Public elected office in Philadelphia, USA

The office of the District Attorney of Philadelphia is the largest prosecutor's office in the US state of Pennsylvania and oversees a jurisdiction that includes more than 1.5 million citizens of both the city and county of Philadelphia. The current District Attorney of Philadelphia is Larry Krasner. The district attorney represents the Commonwealth of Pennsylvania and the City & County of Philadelphia in all criminal and other prosecutions.

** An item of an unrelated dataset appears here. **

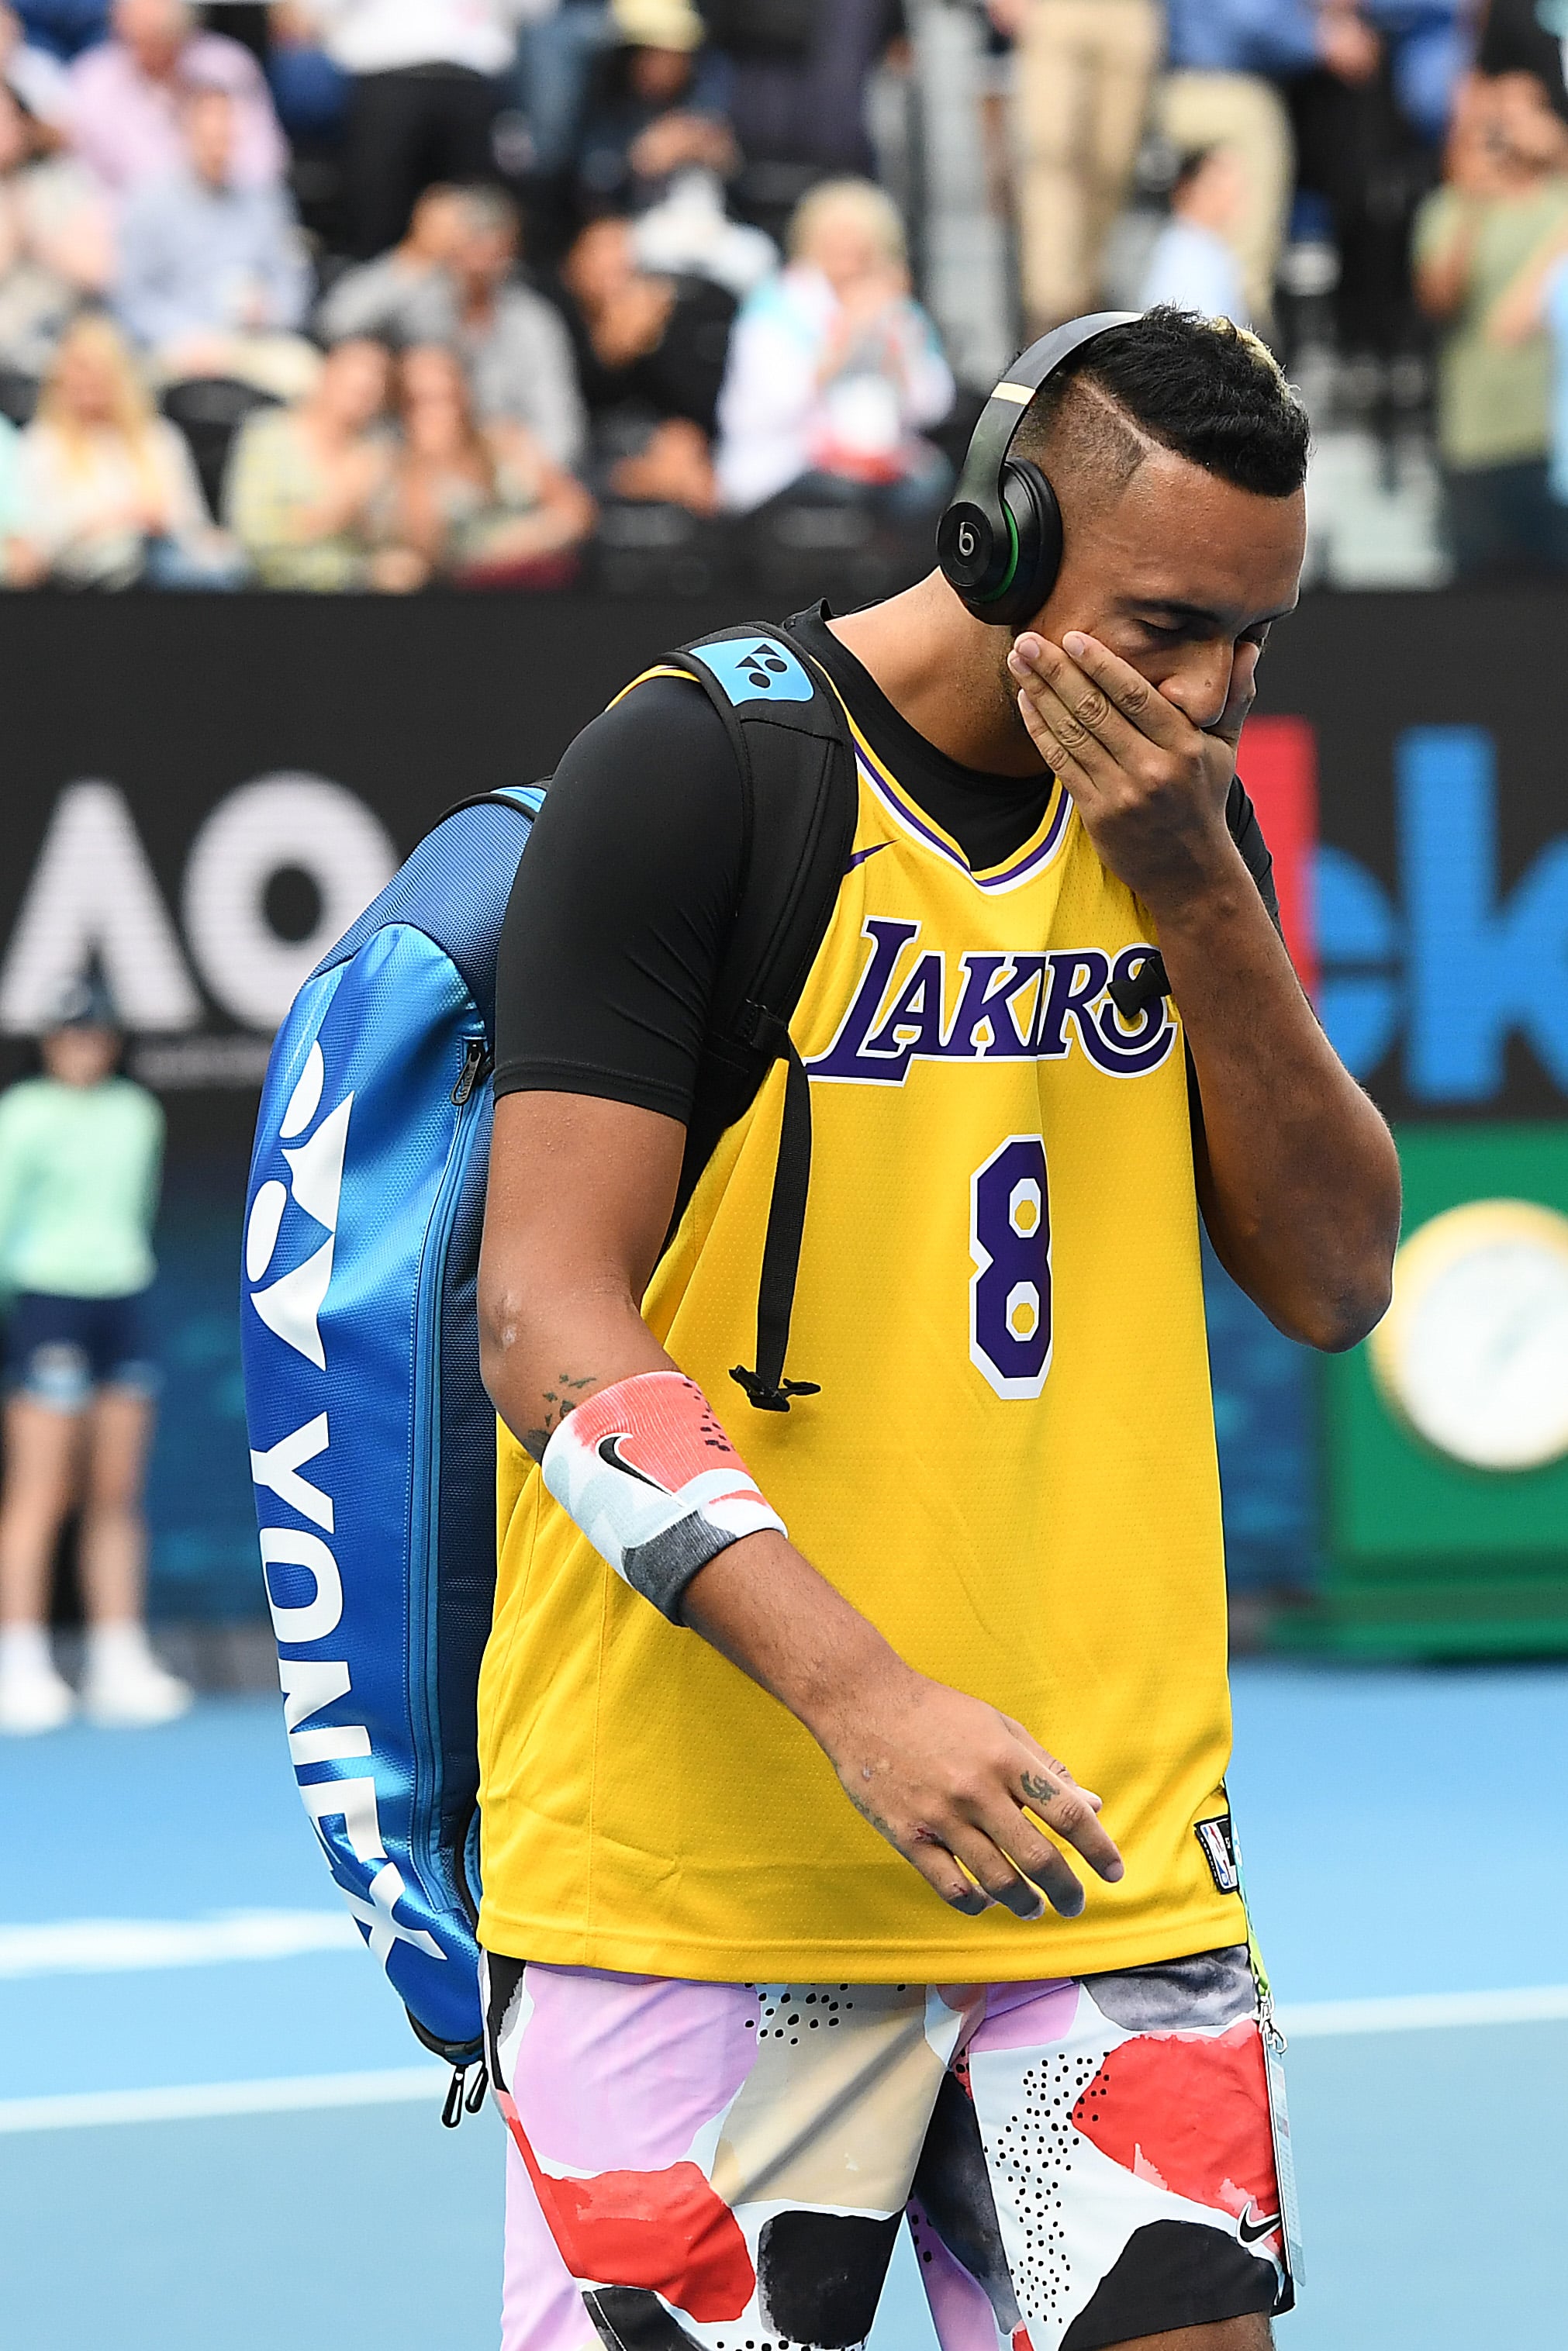 Players pay respects to Kobe Bryant at Australian Open

The district attorney is an elected office, and terms begin on the first Monday in January following the election. Prior to 1850, the functions of this office were performed by a deputy state attorney-general. An Act of 3 May 1850 P.L. 654 authorized the voters of each of Pennsylvania's counties to elect one person, of requisite legal background to serve as district attorney for a term of three years. The term was extended to four years under the State Constitution of 1874, Article 14.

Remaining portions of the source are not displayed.